UtilitiesTools

JSON Formatter

Paste messy or minified JSON and instantly get it beautified, validated with the exact error line, or minified. Pick your indentation, copy the result with one tap, and move on — no account, no upload, no waiting.

🔒 Everything runs in your browser — your JSON never touches a server. Nothing is uploaded or stored.

What is the JSON Formatter?

The JSON Formatter is a free online tool that takes raw, messy, or minified JSON and instantly turns it into clean, readable, properly indented text. It also validates your input on the fly — if something is broken, it tells you the exact line and position of the problem instead of just saying "invalid." In a single page you can beautify JSON for debugging, minify it for production, or simply check whether a payload is valid before you ship it.

How to use it

  1. Paste or type your JSON into the input box (for example a response copied from an API call).
  2. The tool parses it as you type. If the JSON is valid, the formatted result appears immediately; if not, you get an error message pointing to the offending line.
  3. Choose what you want: Beautify to expand it with indentation, or Minify to strip every unnecessary space and line break.
  4. Pick your indentation — 2 spaces, 4 spaces, or tabs — to match your project's style.
  5. Click Copy to grab the result. Done — no account, no upload, no waiting.

The whole flow is built so you get your answer in one second and move on.

The method behind it

The tool uses the browser's native JSON.parse() to read your input into a JavaScript value, then JSON.stringify() to re-serialize it. Beautifying passes an indentation argument (a number of spaces or a tab character) to JSON.stringify, which produces consistent, standards-compliant indentation. Minifying calls it with no indentation, collapsing the value to the smallest valid representation. Validation is a natural by-product: if JSON.parse() throws, the tool catches the error, reads the position reported by the engine, and maps it back to a human-readable line and column. Because it relies on the same JSON engine your code runs on, the output is guaranteed to be specification-correct JSON — not a guess.

Examples

Beautify a one-line API response

Input: {"id":7,"name":"Ada","roles":["admin","editor"],"active":true}

Output:

{
  "id": 7,
  "name": "Ada",
  "roles": [
    "admin",
    "editor"
  ],
  "active": true
}

Minify a config file for production

Input: a pretty-printed config.json with lots of indentation. Output: a single compact line with all whitespace removed, ready to drop into an environment variable.

Catch a syntax error

Input: {"city":"Tokyo",} (note the trailing comma). Output: an error highlighting that a property name was expected at the position after the last comma, so you know exactly what to delete.

Common use cases

Why use this one

Most online options make you jump between a separate formatter, validator, and minifier. This tool does all three in one place, with one-click copy and indentation control. More importantly, everything runs 100% in your browser, so your JSON never touches a server. That matters because real payloads often contain API keys, auth tokens, or customer data, and pasting them into a tool that uploads to a backend is a quiet security risk. Here, nothing is sent, stored, or logged. It is also fast (no round-trip to a server), works on mobile, and needs no signup. When you need the data in a spreadsheet, hand it to the JSON to CSV converter; for encoding work, see Base64 Encode / Decode and URL Encode / Decode.

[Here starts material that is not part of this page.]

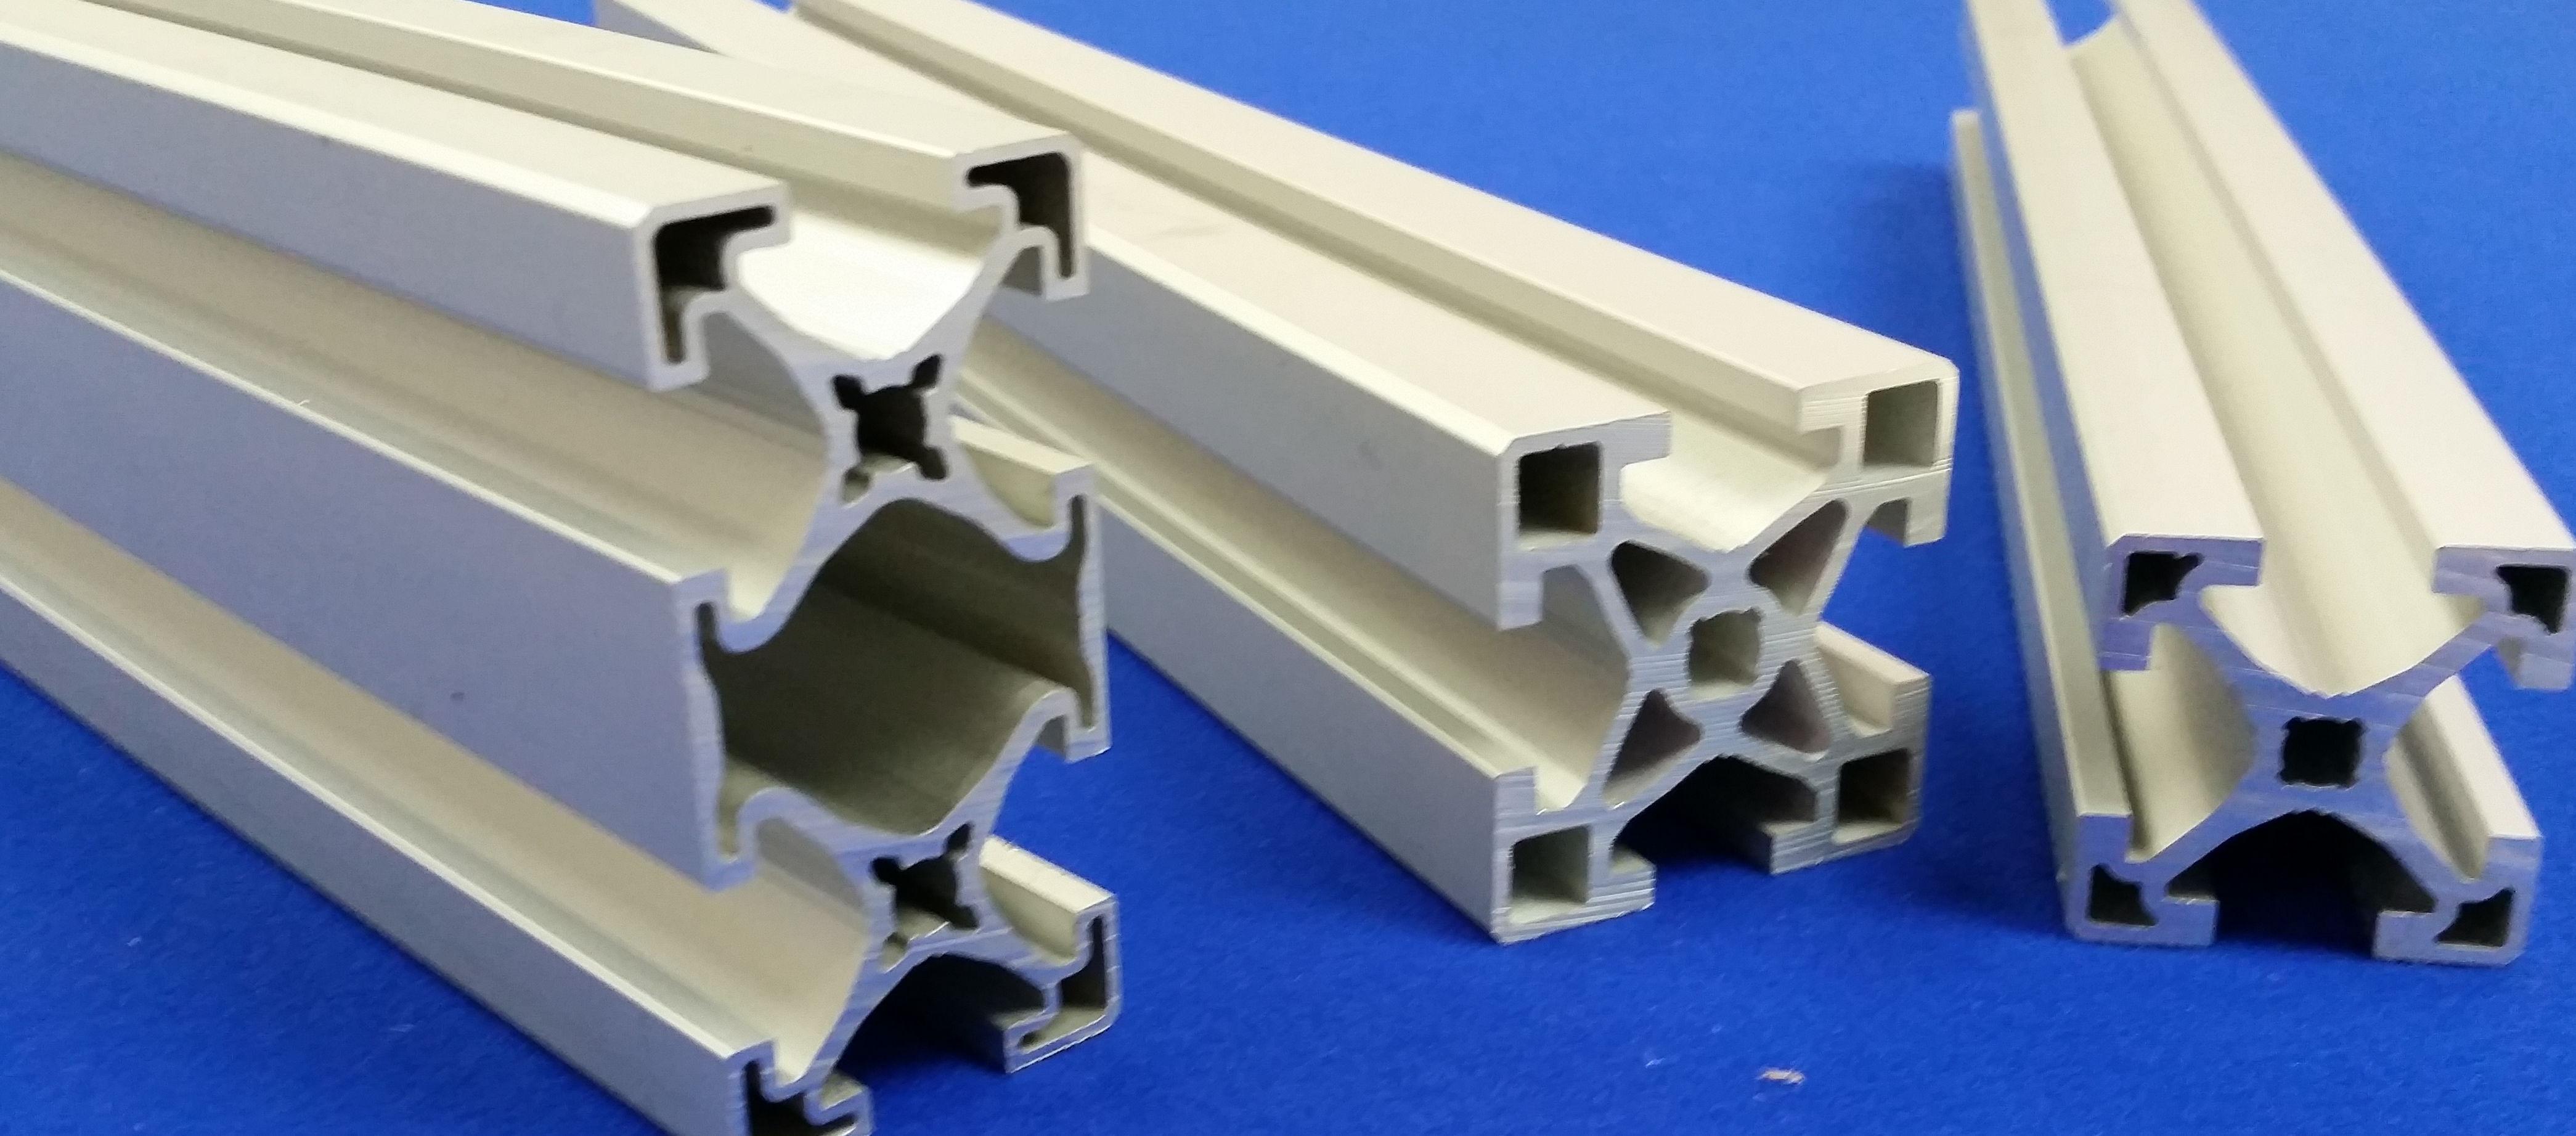 Aluminum extrusion frame samples

Frequently asked questions

Is my JSON data safe — is anything uploaded to a server?

No. All formatting, validation, and minifying happen entirely inside your browser using JavaScript. Your JSON is never sent to, stored on, or seen by any server, so it is safe to paste payloads that contain tokens, keys, or private data.

What is the difference between beautifying and minifying JSON?

Beautifying adds indentation and line breaks so the structure is easy to read while debugging. Minifying strips all unnecessary whitespace to make the JSON as small as possible for storage or transfer. This tool does both with one click.

Why does my JSON show as invalid?

Common causes are trailing commas, single quotes instead of double quotes, missing brackets, or unquoted keys. The validator points to the exact line and position of the first syntax error so you can fix it fast.

Can I change the indentation size?

Yes. You can choose 2 spaces, 4 spaces, or tab indentation when beautifying, depending on your team's style guide.

Does it work on mobile?

Yes. The tool is fully responsive and works in any modern mobile browser, so you can format and check JSON from your phone without installing an app.